# [Supplied information]
▽

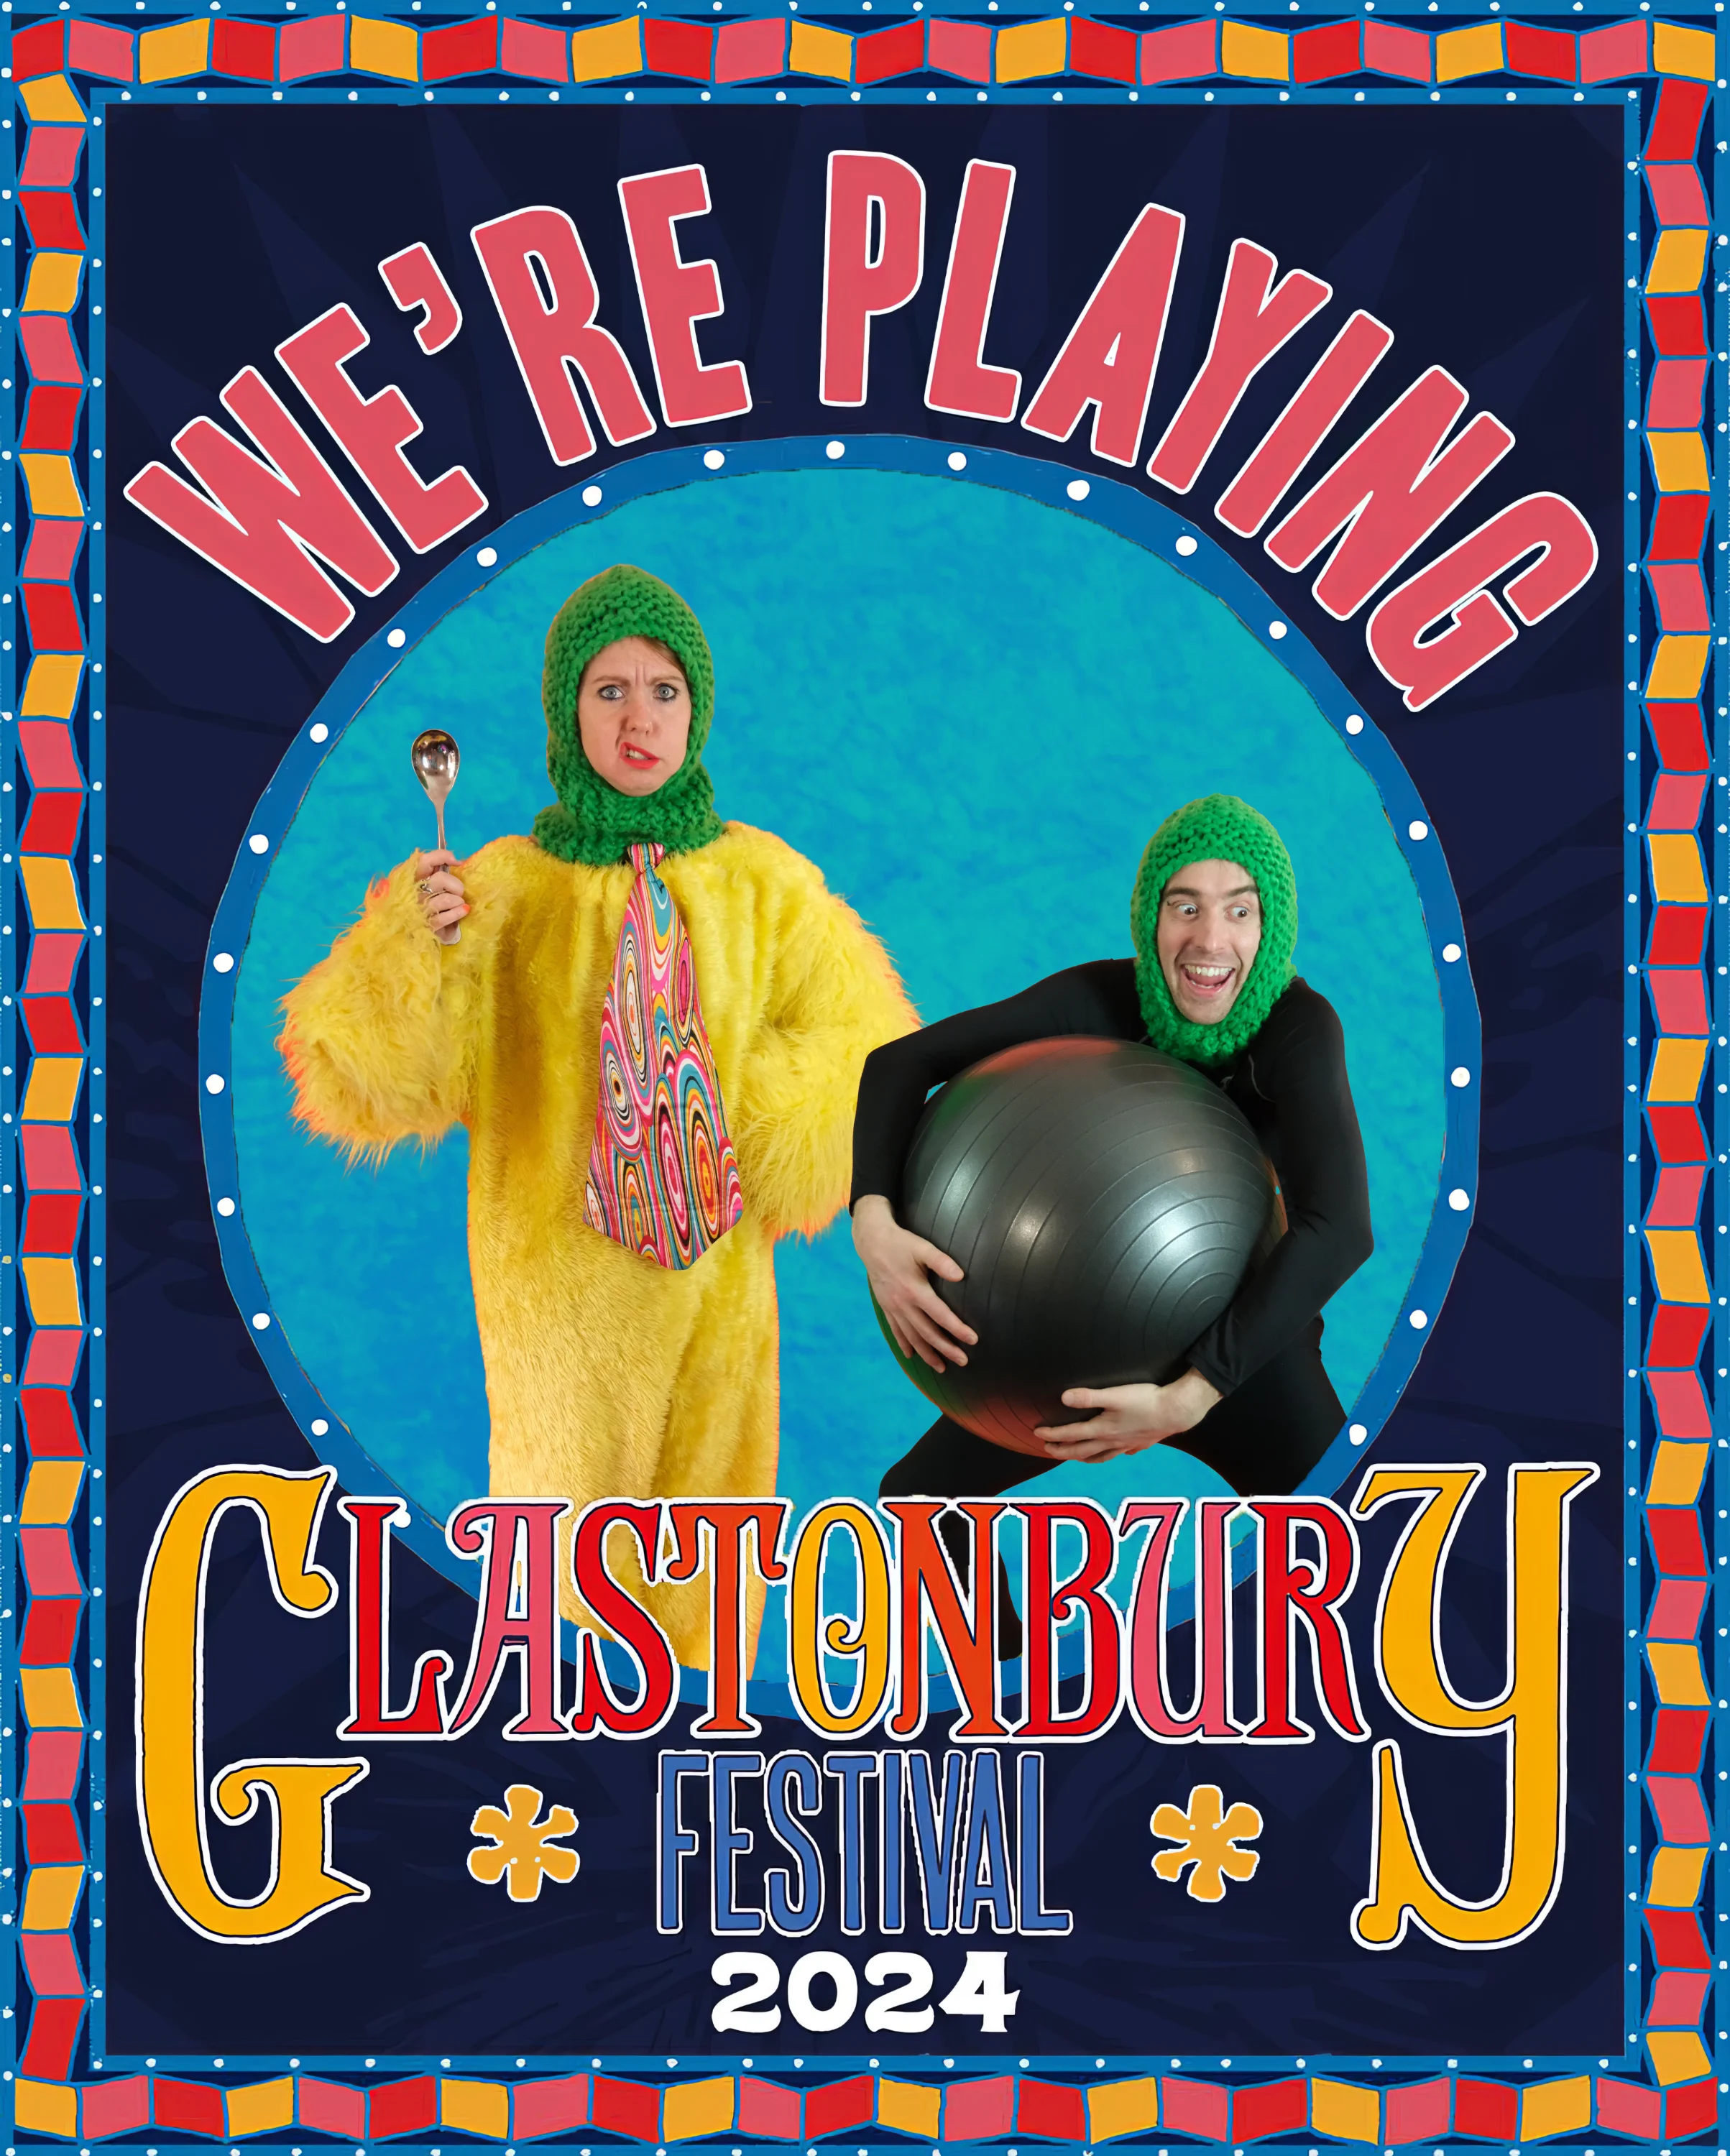 We're playing at Glastonbury 2024 - Playface at Glastonbury Festival
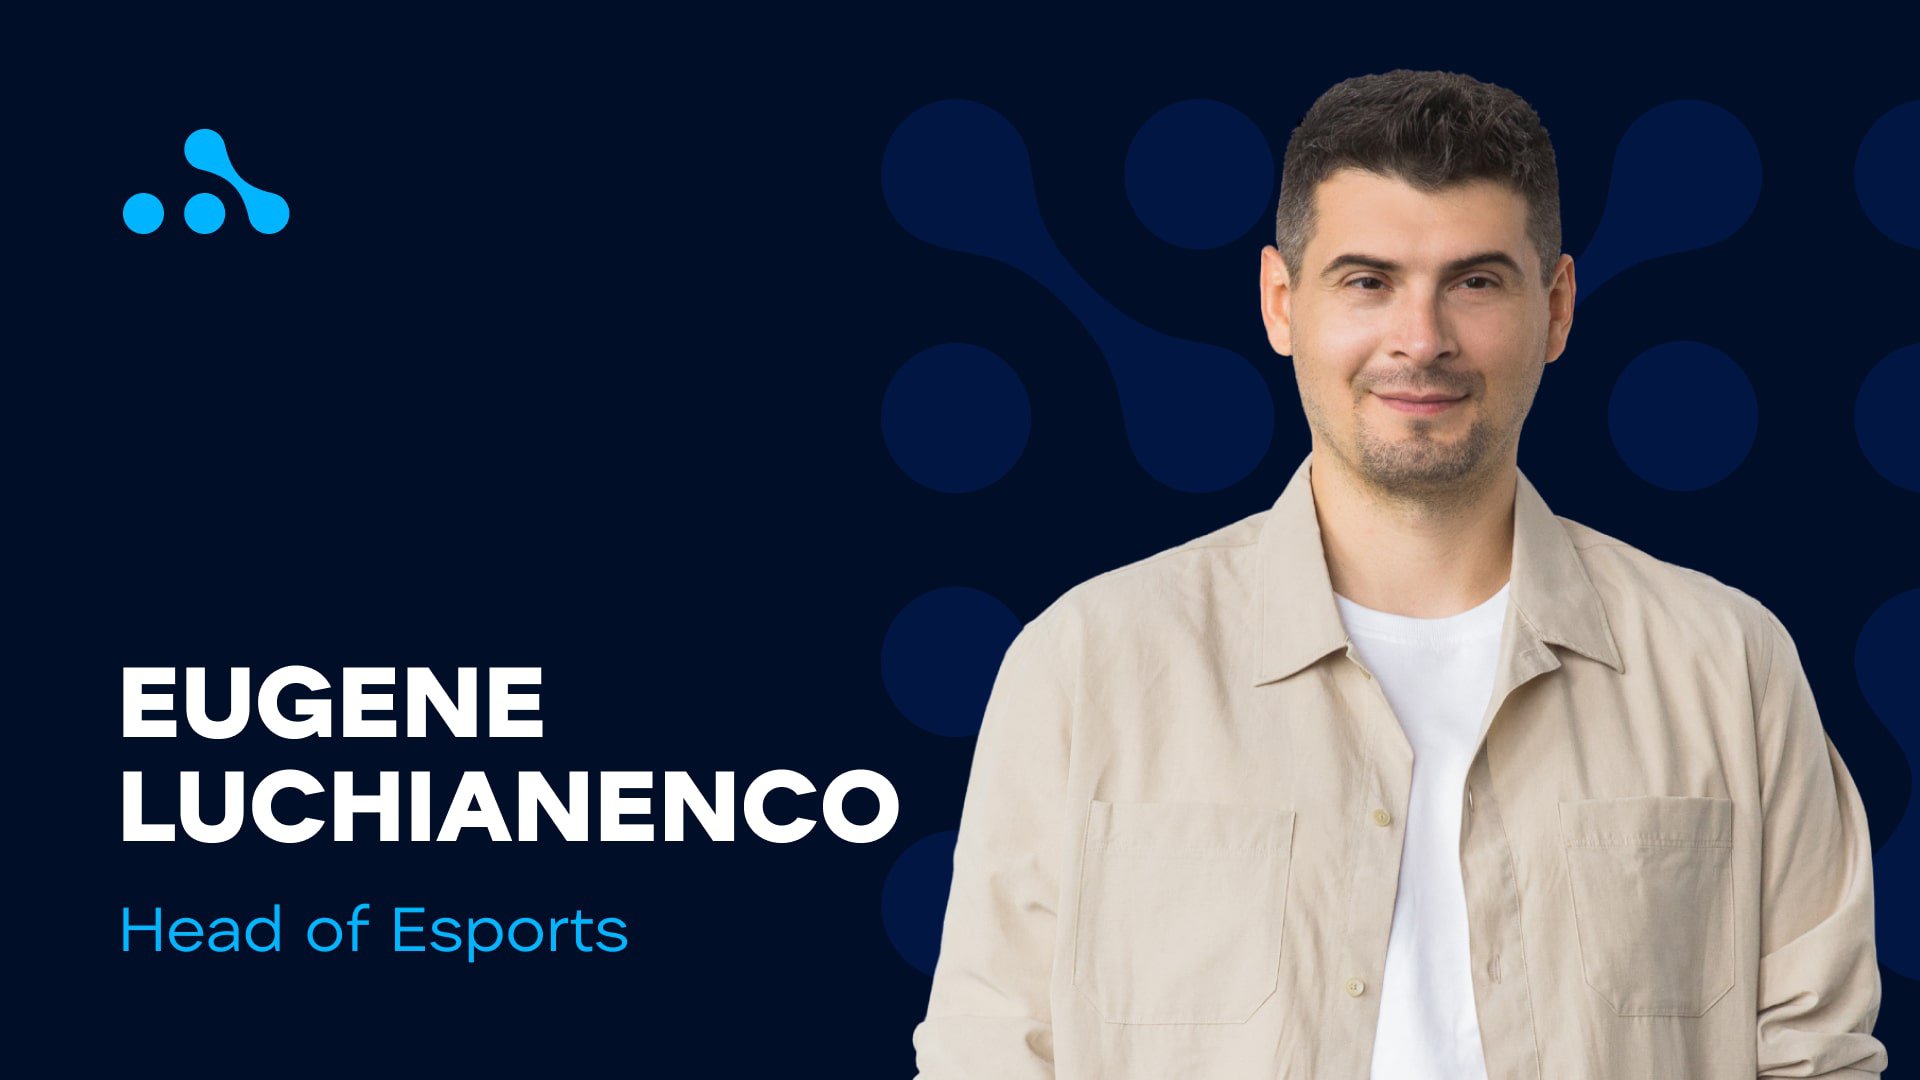 Eugene Luchianenco, Head of Esports at WePlay Esports
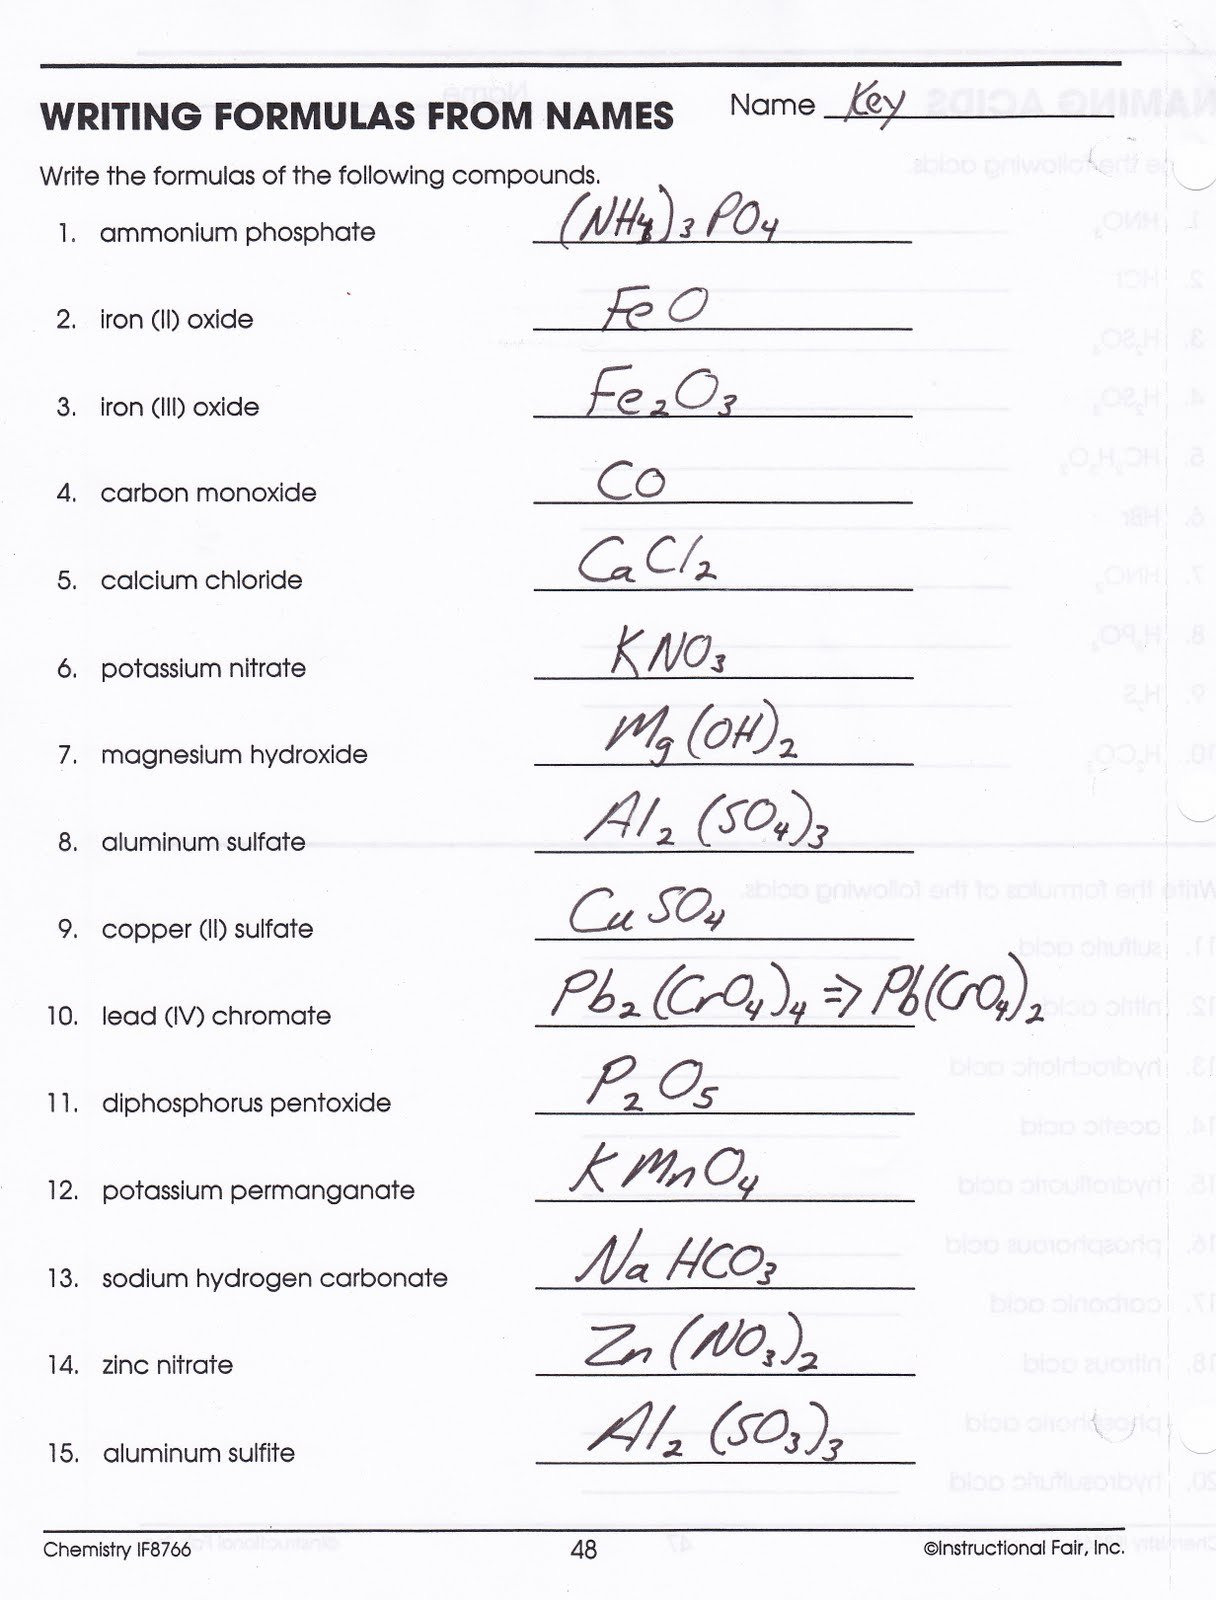 Chemical Names And Formulas Worksheet Answers Electron Configuration Regarding Formula Writing Practice Worksheet
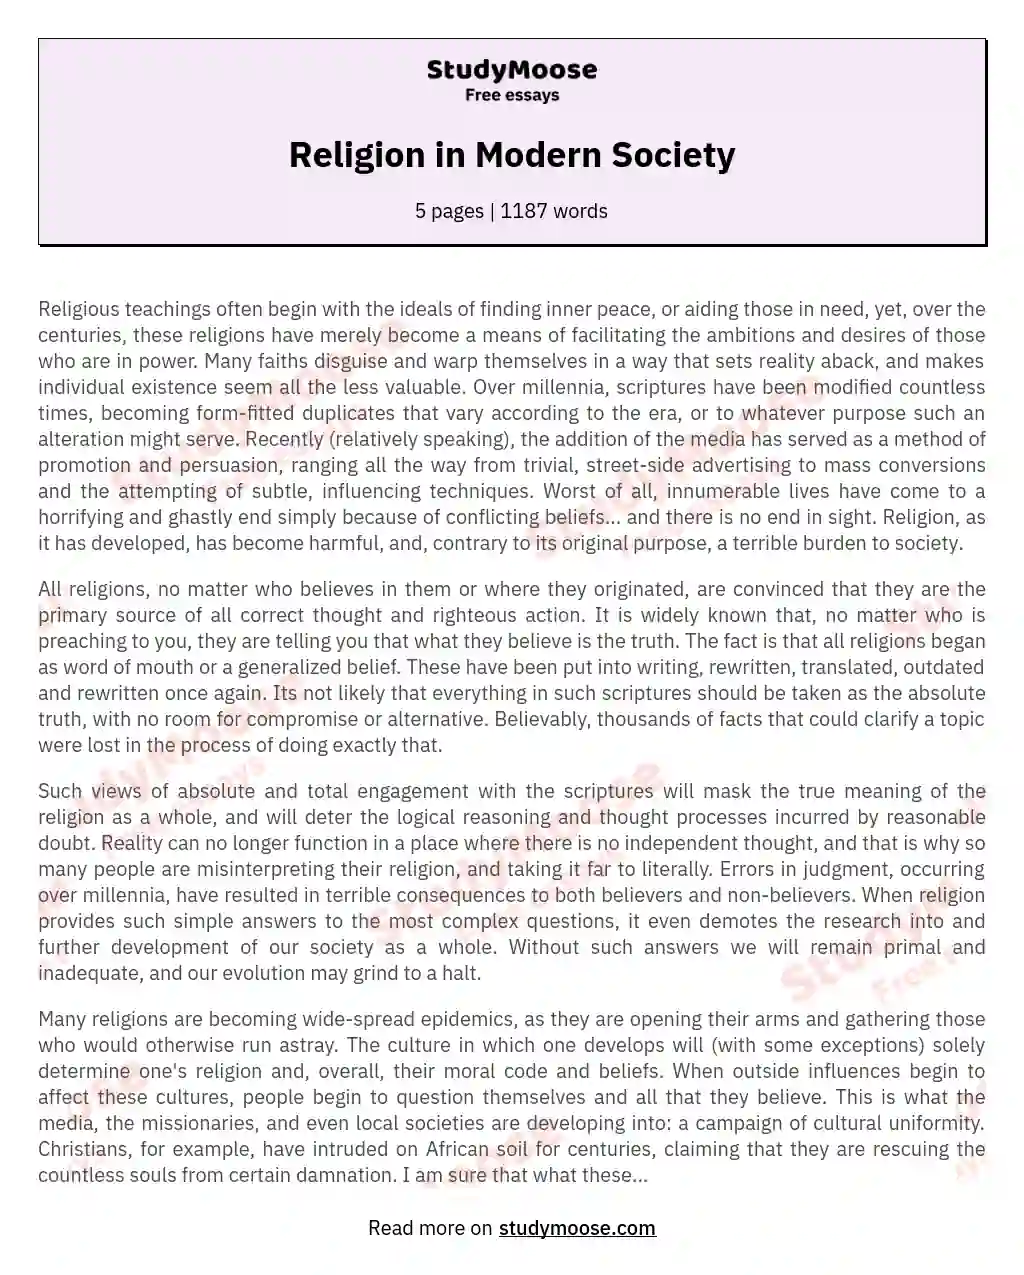 Religion in Modern Society essay

△

# [Exercise description]
Each line from the one with "Eugene Luchianenco, Head" to the last line of the listing should be returned exactly, both ends included, and no picture with them.

# [Task result]
 Eugene Luchianenco, Head of Esports at WePlay Esports
 Chemical Names And Formulas Worksheet Answers Electron Configuration Regarding Formula Writing Practice Worksheet
 Religion in Modern Society essay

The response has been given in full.